As a writer, Mohiuddin identified himself with the political struggle of Kashmir. He addressed the history of the crisis in his work. He was the first Kashmiri writer to dedicate his novel Jahnamuk Panun Panun Naar in 1975 to the person “who would fire first bullet to set things rights in Kashmir”.

Mohiuddin rallied behind the release of incarcerated JKLF leader Maqbool Bhat whom he considered “Kashmir’s National hero”. “Gandhi Ji’s India won’t gain anything by hanging Maqbool Bhat,” he appealed Indian authorities during eighties when news of Bhat’s hanging came. But as Delhi remained adamant by hanging Bhat, Mohiuddin in protest returned his Sahatiya Academy Award, a literary award given purely for the merit of his works. He was the first Kashmiri to get this award in 1958.

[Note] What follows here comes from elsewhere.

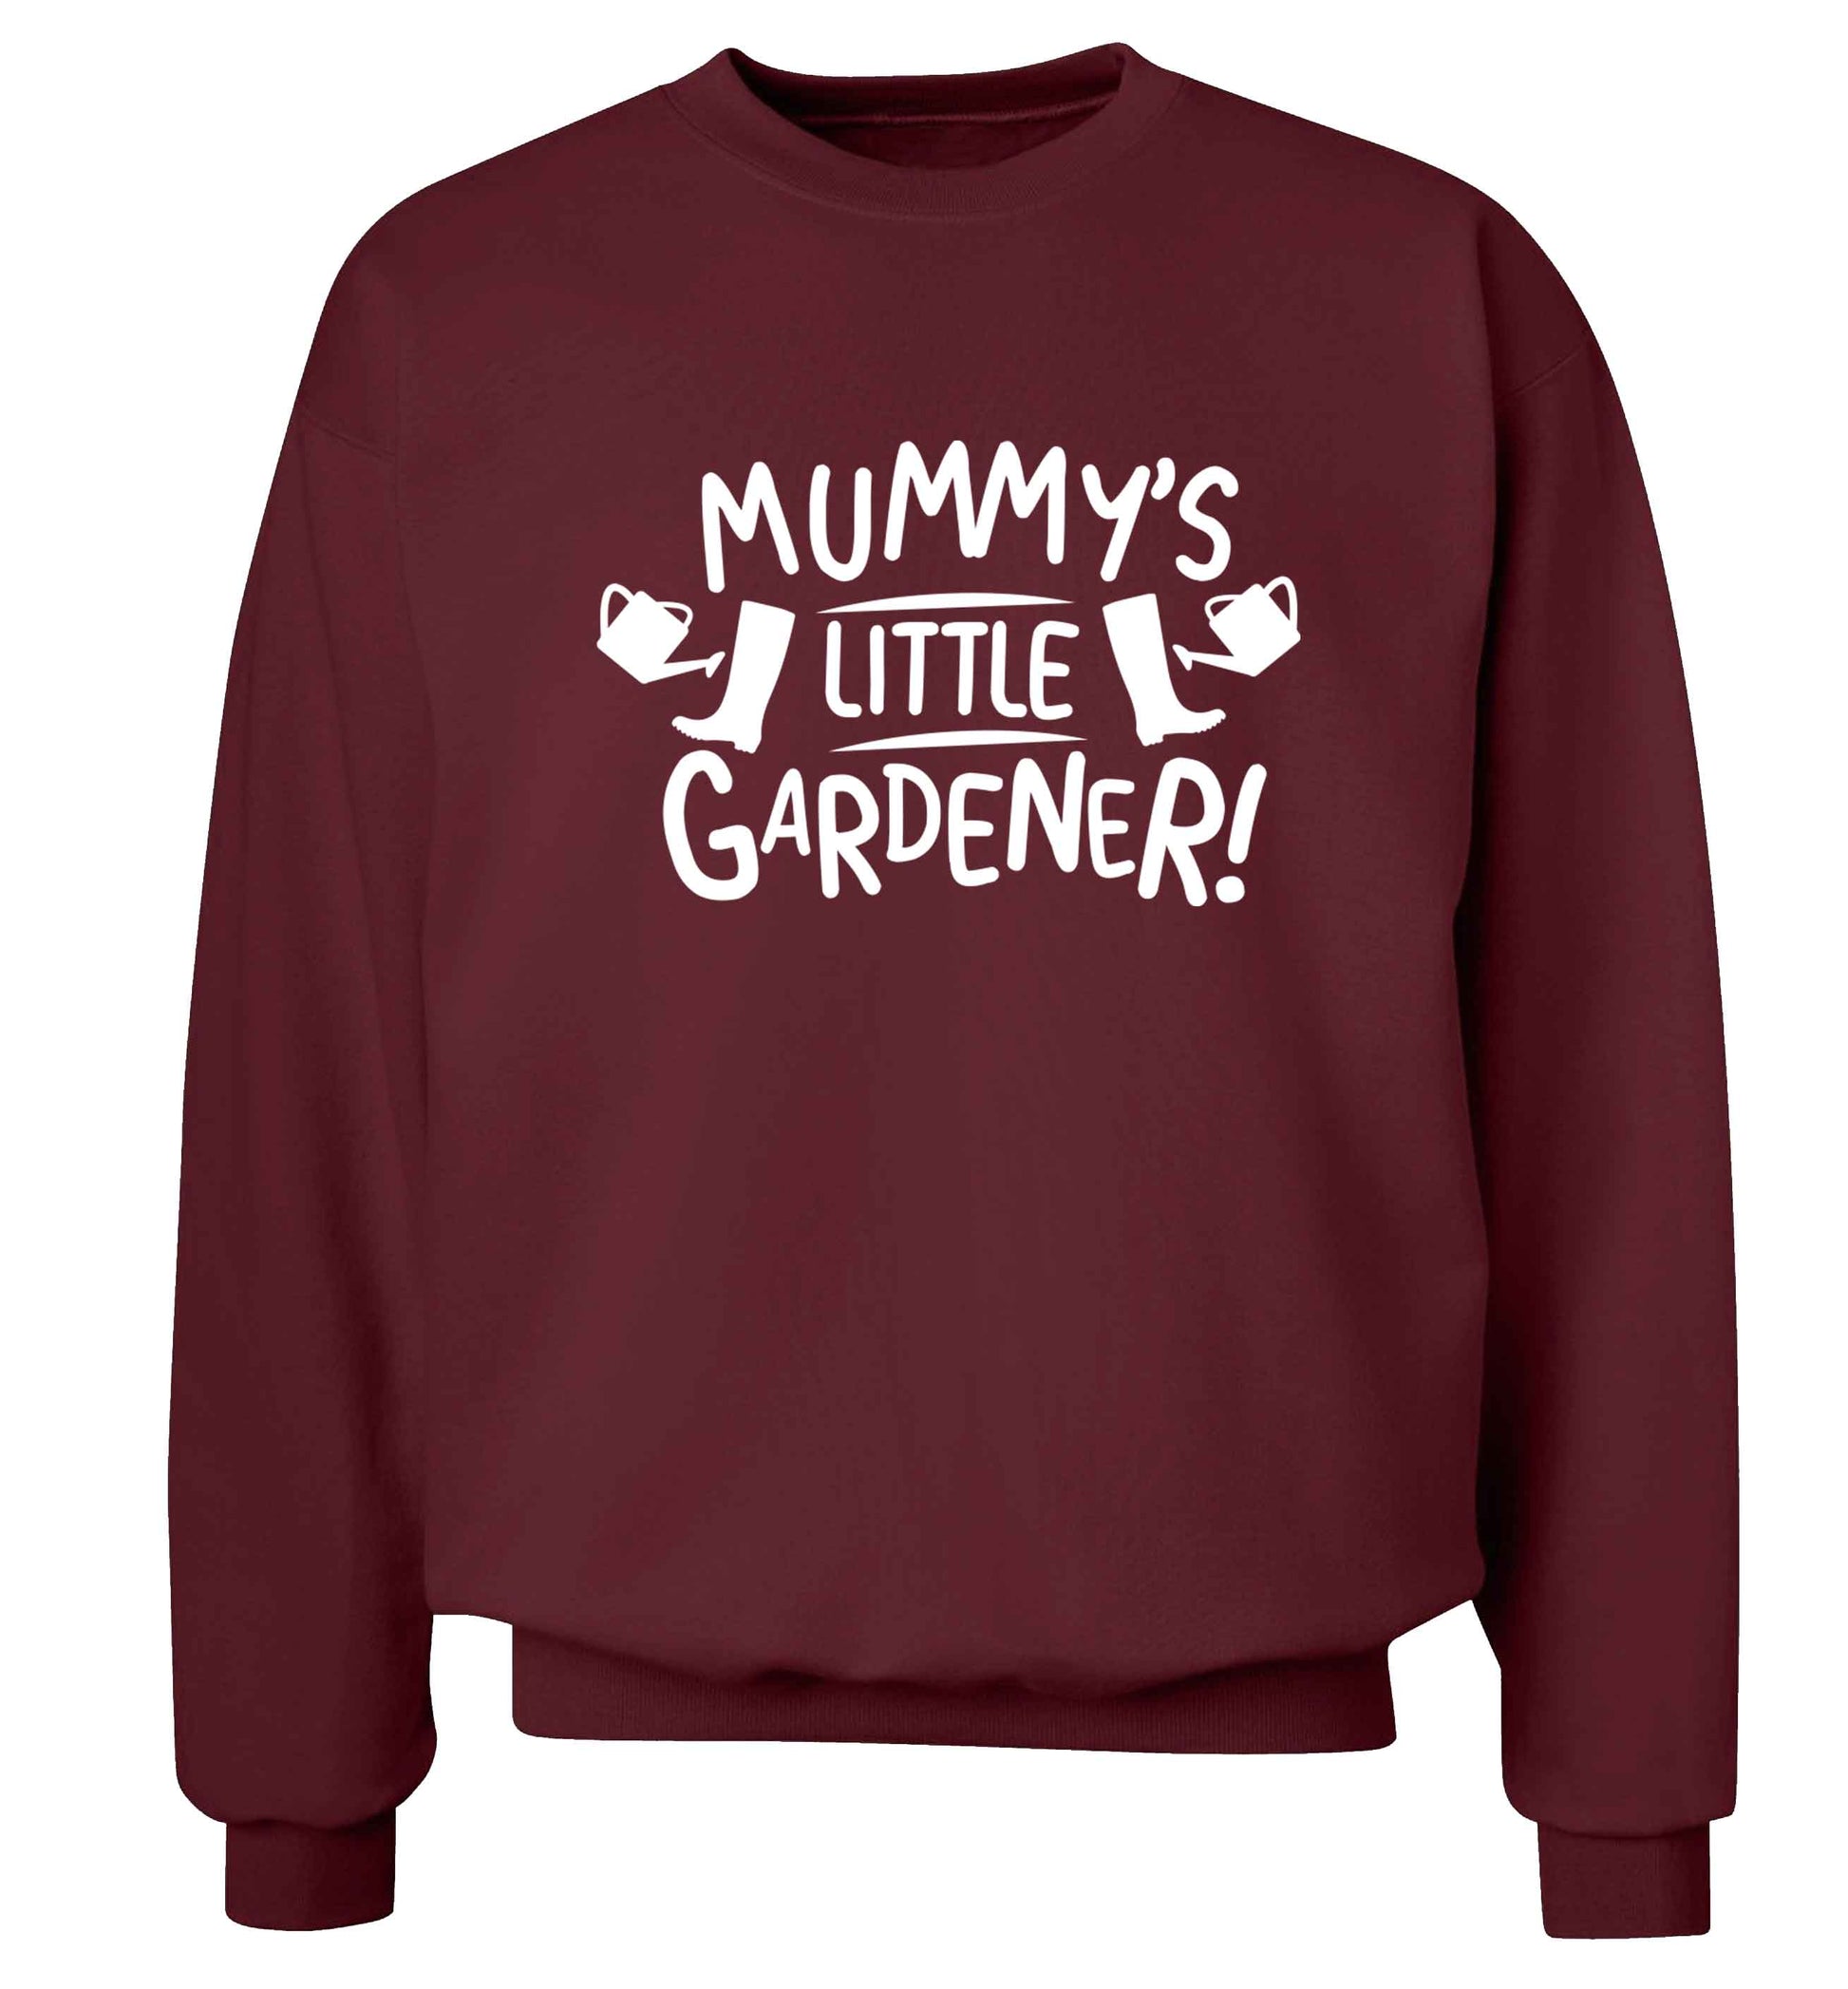 Mummy's little gardener Adult's unisex maroon Sweater 2XL
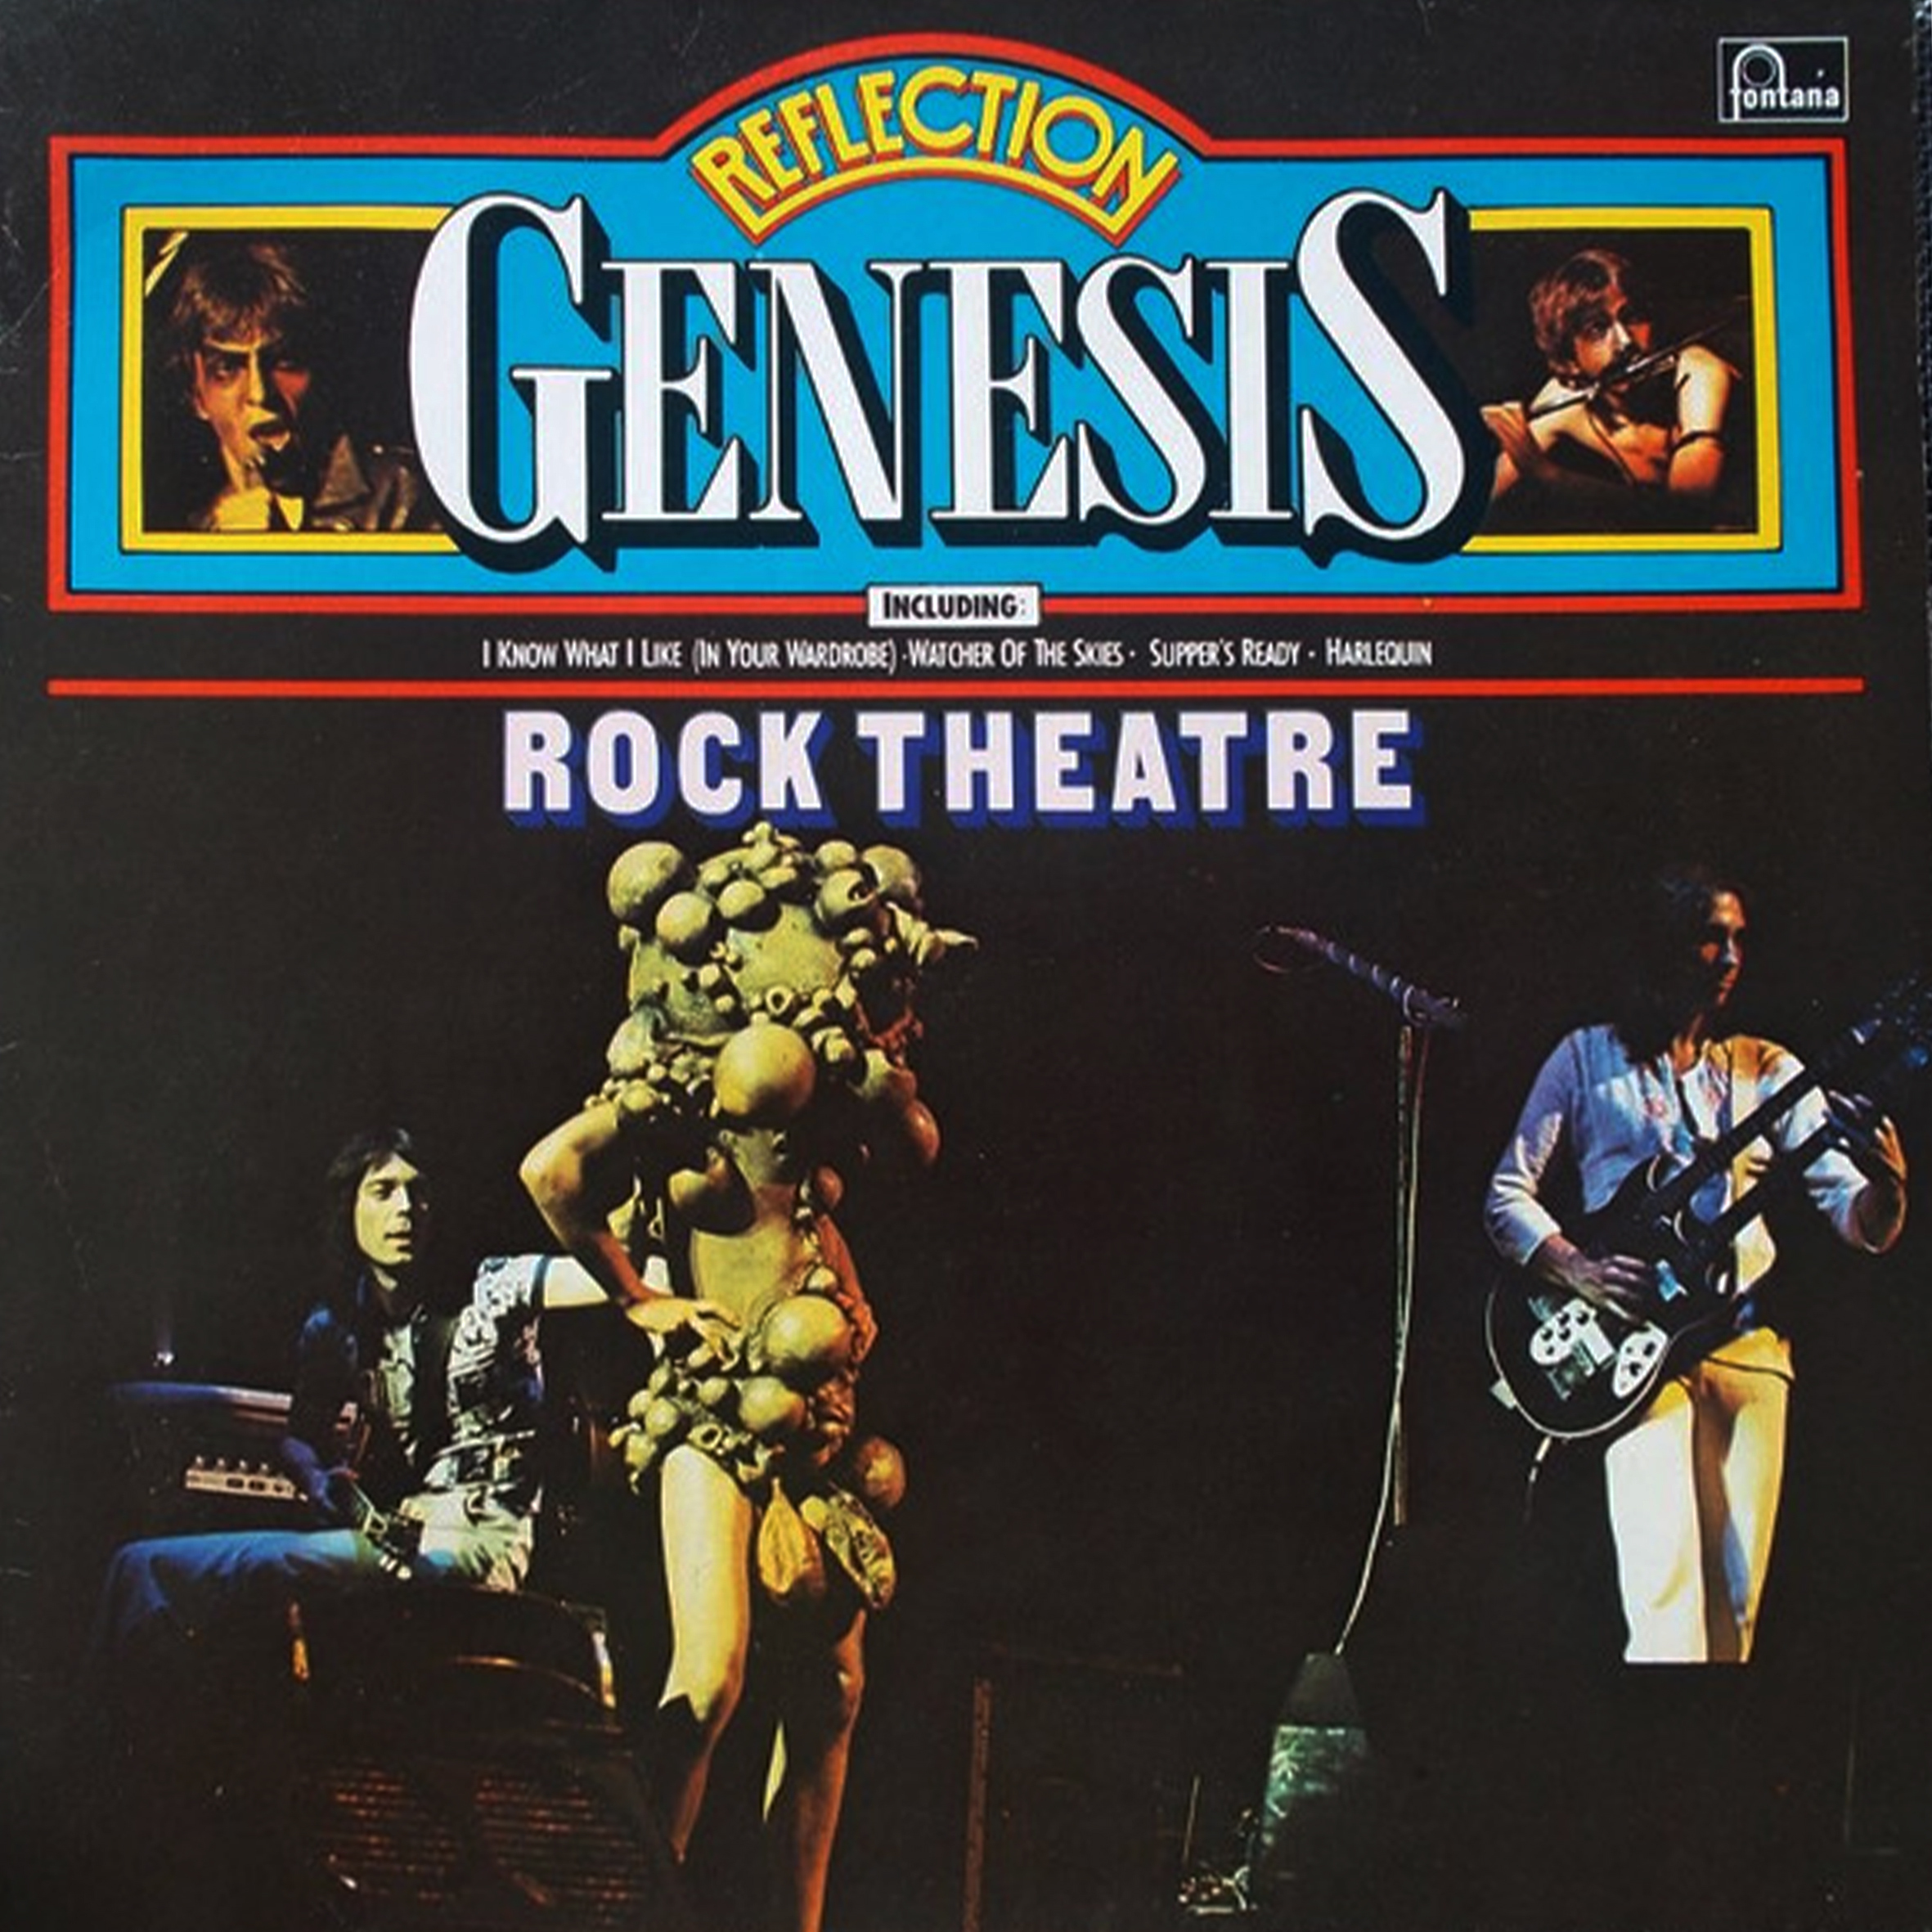 Vinil - Genesis - Reflection Vol 6 Rock Theatre

Later in protest to Gaw Kadal Massacre, he also returned Padma Shree Award given to him in 1968. In both occasions, Mohiuddin was hailed for his courageous act to return the honour. He didn’t stop there. He kept writing to different ministers besides the home minister about the atrocities that Indian forces were committing in the valley during 90s, urging ministers to put a check on excesses in Kashmir. When his pleas fell on deaf ears, he took to his writing and wrote about the disturbing times.

Born on April 17, 1928 in Srinagar, Mohiuddin is considered to be a trend-setter among the Kashmiri prose writers. He laid down the strong foundation of modern Kashmiri literature. He was one of the founder members of Progressive Writers’ Association in 1950s. Kashmir lost this great man on May 2, 2001 at 74.

“Great art is one in which we can hear the very heartbeat of life,” he once said. Perhaps that’s why his works reflect the society he lived in and the society his pen predicted, unintentionally.